Einer von letzteren ist gerade in der Klasse 3b im Einsatz. Hier ist die Herausforderung nicht die Inklusion von Förderschülern, sondern die extrem hohe Zahl an Migrantenkindern. 23 der 28 Drittklässler sind erst seit kurzem in Deutschland oder haben Eltern, die kaum Deutsch sprechen. Auch Kinder aus Kriegsgebieten sind darunter, eines zum Beispiel, dessen Vater in Syrien erschossen wurde. Insgesamt liegt der Anteil an Grundschülern mit Migrationshintergrund in der Treuchtlinger Kernstadt bei 60 Prozent, zusammen mit den Dorfschulhäusern in Wettelsheim und Schambach immer noch über 40 Prozent.

In der 3b sitzen darüber hinaus fünf Schüler mehr als durchschnittlich. Das macht es nicht gerade leichter, kein Kind zu kurz kommen zu lassen. Hier helfen Praktikanten, Lehrer mit Drittkraftverträgen und Lernpaten, die Schüler individuell zu fördern.

Ein echter Tausendsassa ist dabei das iPad, auf dem Lehrerin Gabriele Bösel gerade die Anatomie des Fuchses zeigt.

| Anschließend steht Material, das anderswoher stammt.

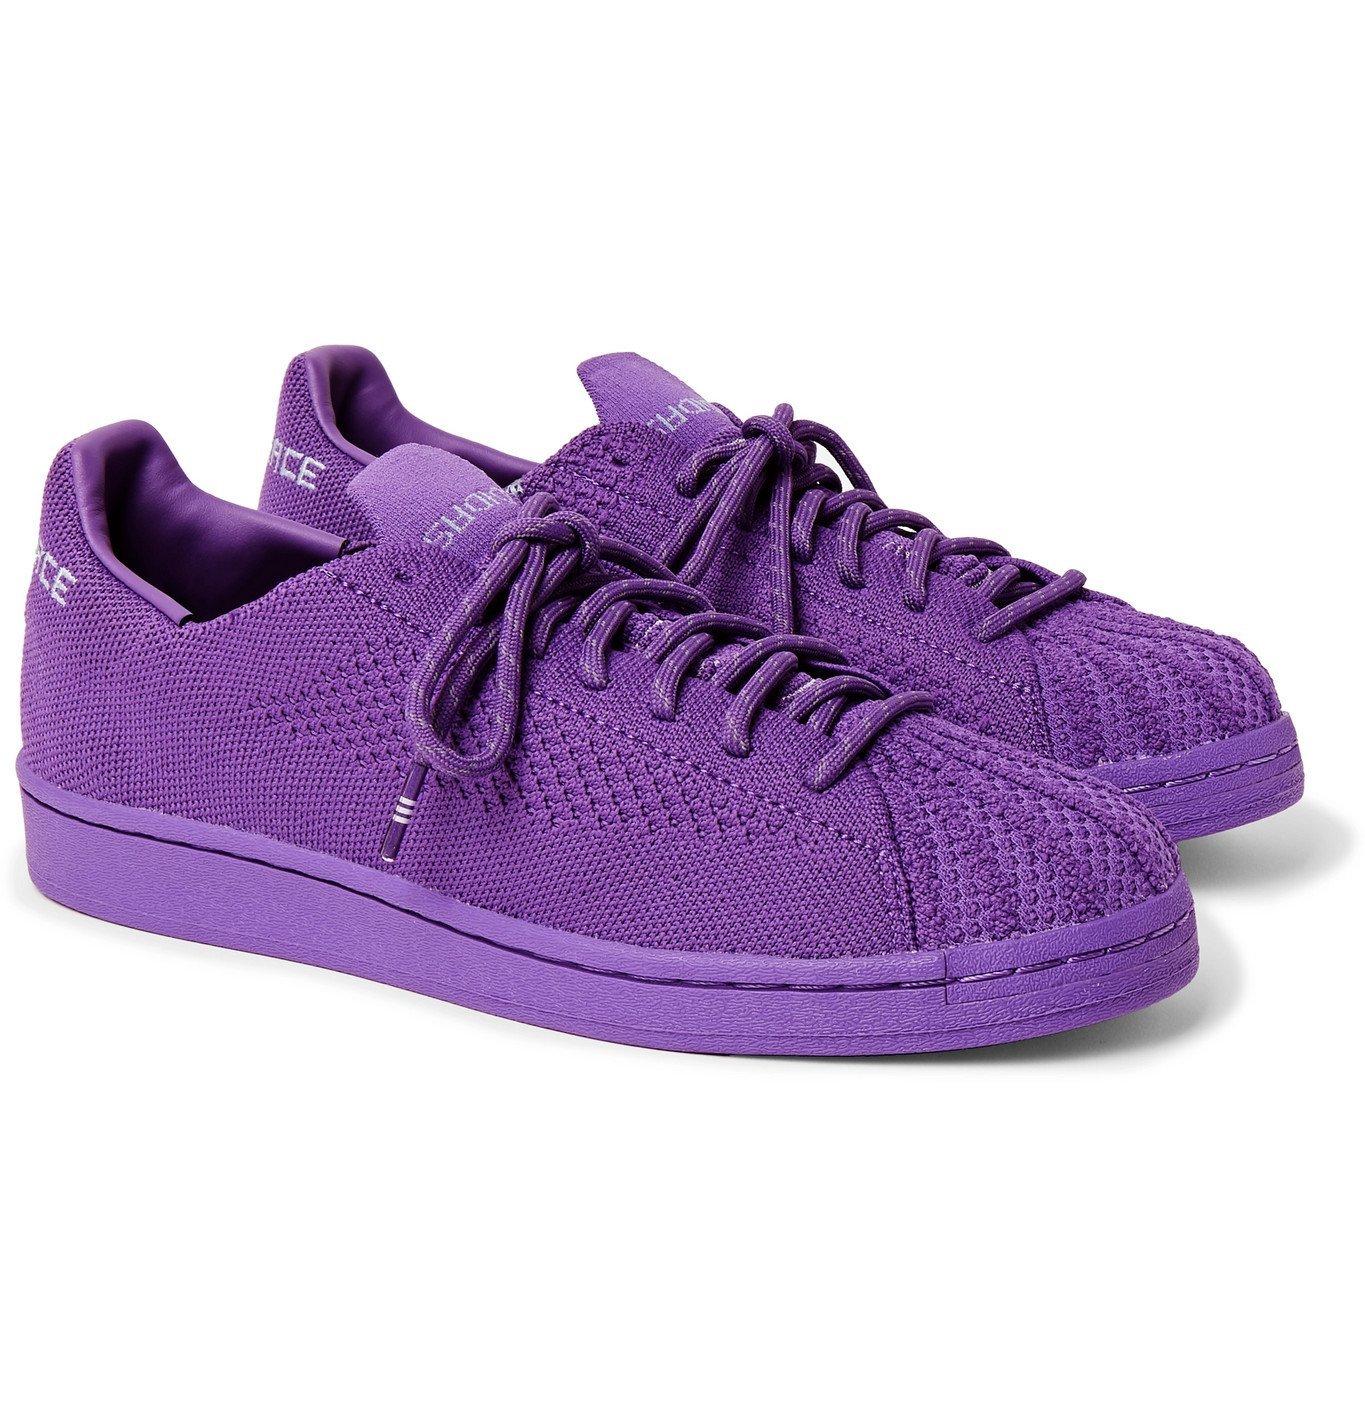 ADIDAS ORIGINALS - Pharrell Williams Superstar Embroidered Primeknit Sneakers - Purple

Auf ein kleines Plexiglas-Pult gelegt, fungiert es als Projektor, kann gleichzeitig Lernmaterial und Filme abspielen und hat Zugang zum Internet. Wenn die Kinder Referate halten, erstellen sie ihre Präsentation entweder gleich am Rechner, oder die Lehrer fotografieren mit dem Tablet die Plakate ab und projizieren sie an die Wand. In einer Datenbank sind alle Schülerarbeiten zudem stets für Mitschüler und Lehrer abrufbar.

Die fünf Gäste aus Herzogenaurach sind jedenfalls sichtlich interessiert an den Treuchtlinger Lernideen. „Oft sind es Kleinigkeiten, die uns weiterbringen“, sagt Michael Richter und schießt eifrig Handyfotos von allem, was ihm und seinen Kolleginnen neu erscheint. Die „Lesewerkstatt“ könnten sie sich beispielsweise auch gut an ihrer Schule vorstellen. Stolz weist Herbert Brumm zudem auf den Titel „Umweltschule in Europa“ hin, den seine Schule mittlerweile zum 16. Mal erhalten hat – Rekord in Bayern.

Im Rahmen der „Bildungspartnerschaft der Hermann Gutmann Stiftung ist die Treuchtlinger Grundschule eine von 16 ausgewählten Schulen (darunter nur drei Grundschulen) aus ganz Mittelfranken, die sich schulart­übergreifend austauschen und voneinander lernen. Die Universitäten Erlangen und Eichstätt begleiten diesen Prozess wissenschaftlich. Demnächst kommt als weiterer Partner noch die Mittelschule in Weißenburg hinzu.